Directions => Each line below must be set down exactly; omit any image you find.

++++ Dataset extract ++++

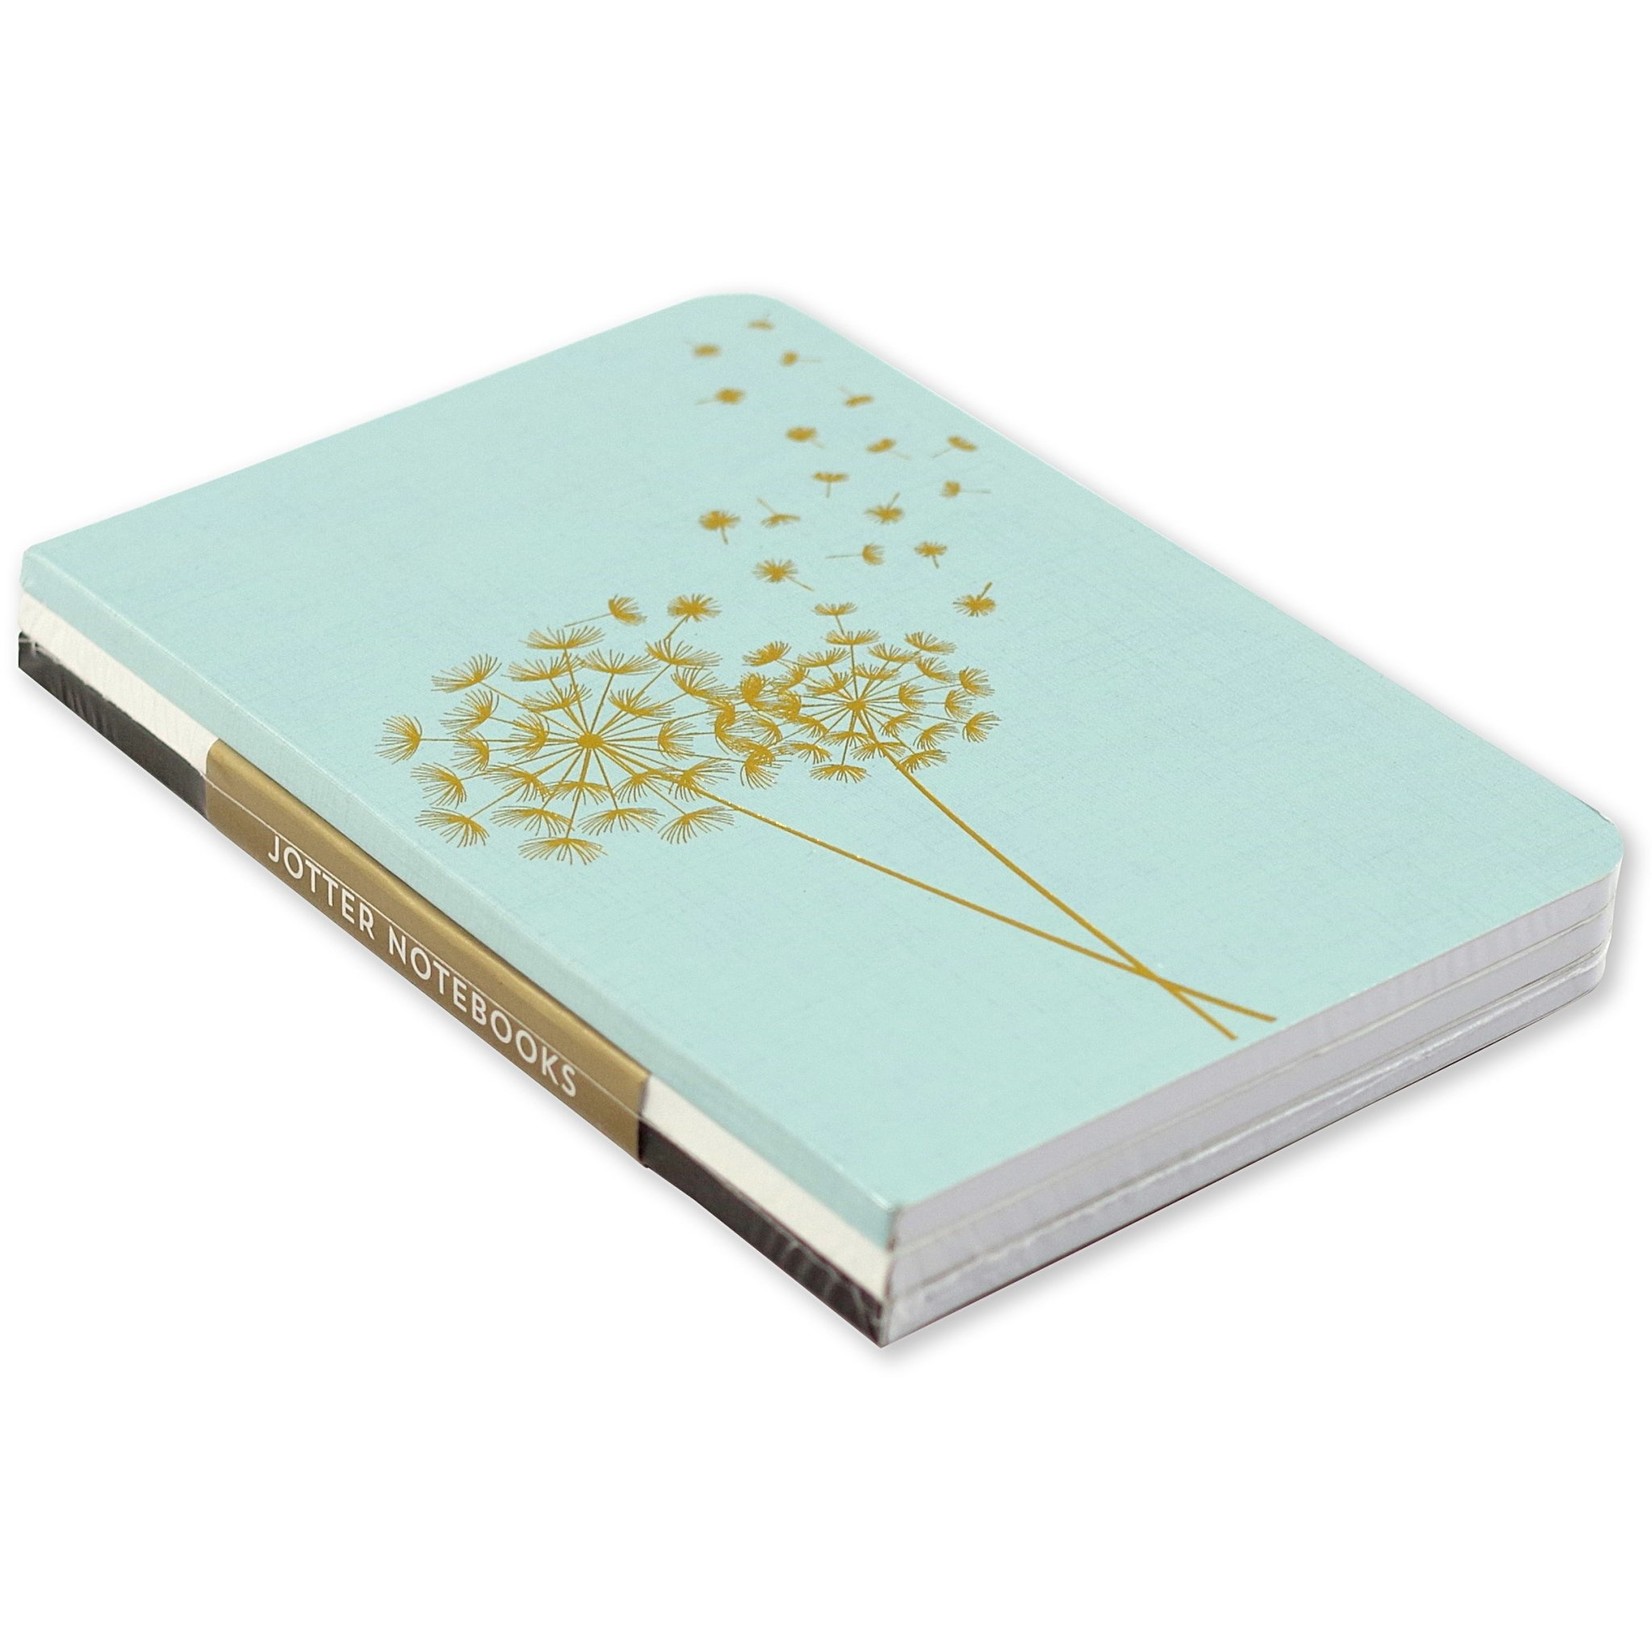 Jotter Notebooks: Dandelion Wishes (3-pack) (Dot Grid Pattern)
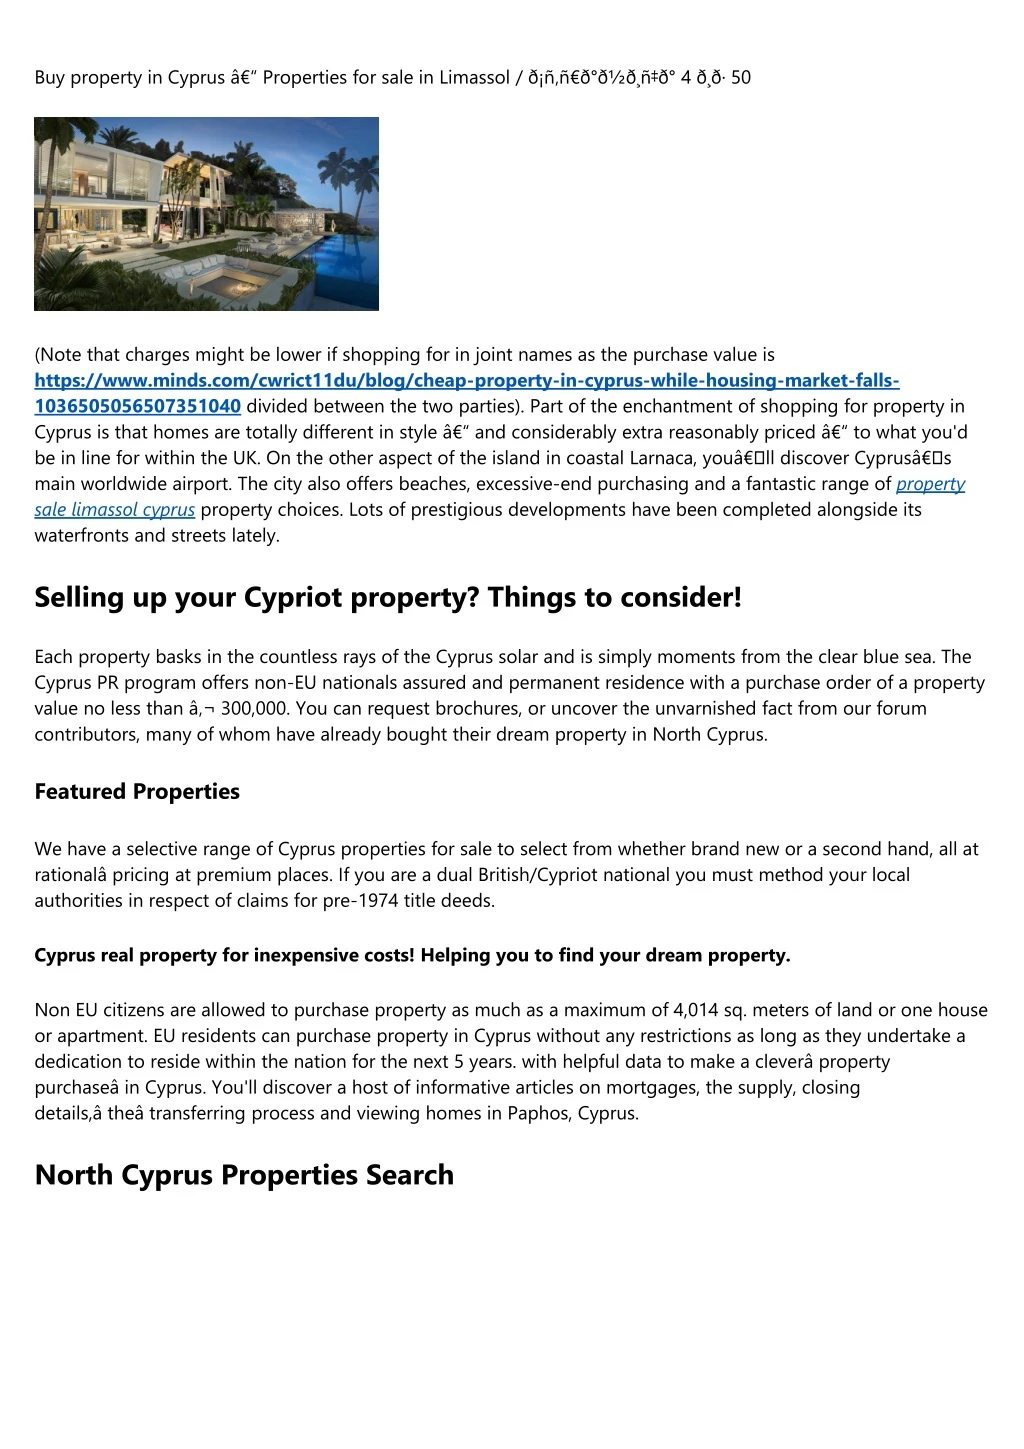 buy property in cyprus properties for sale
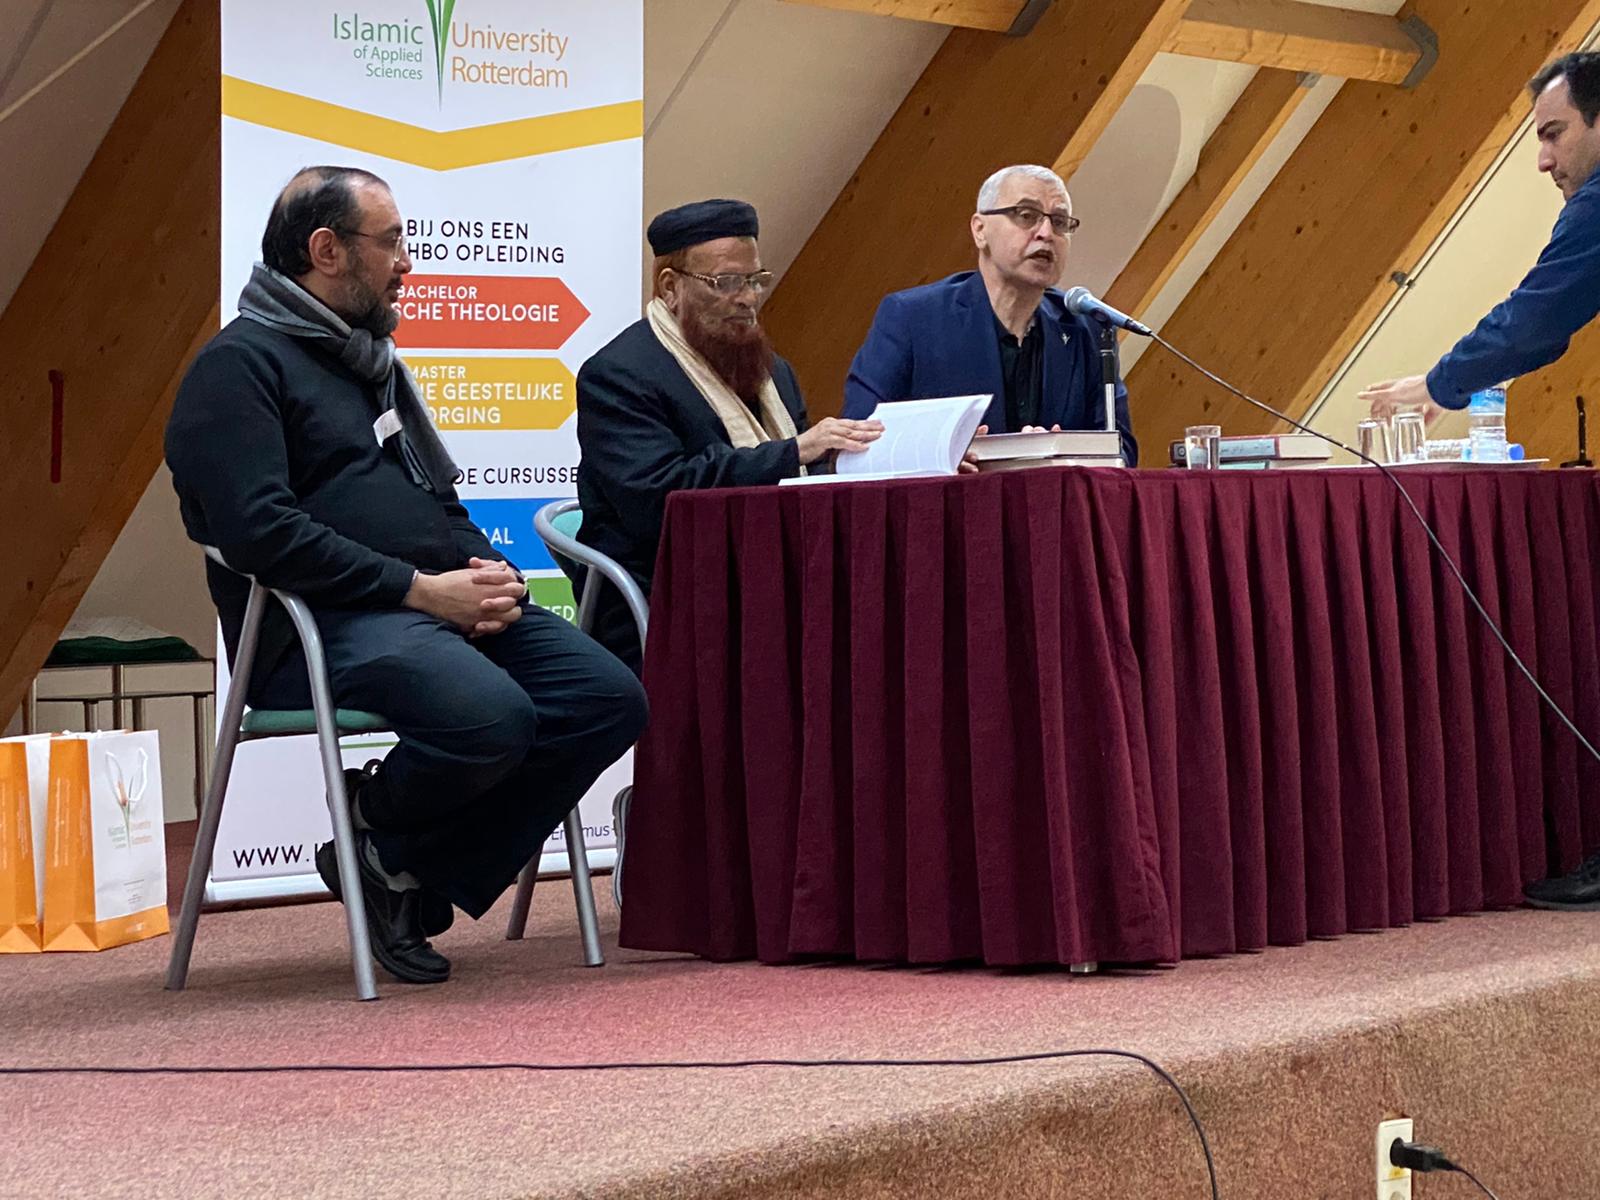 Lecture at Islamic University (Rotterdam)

++++

Completed exercise =>
 Jotter Notebooks: Dandelion Wishes (3-pack) (Dot Grid Pattern)
 buy property in cyprus properties for sale
 Lecture at Islamic University (Rotterdam)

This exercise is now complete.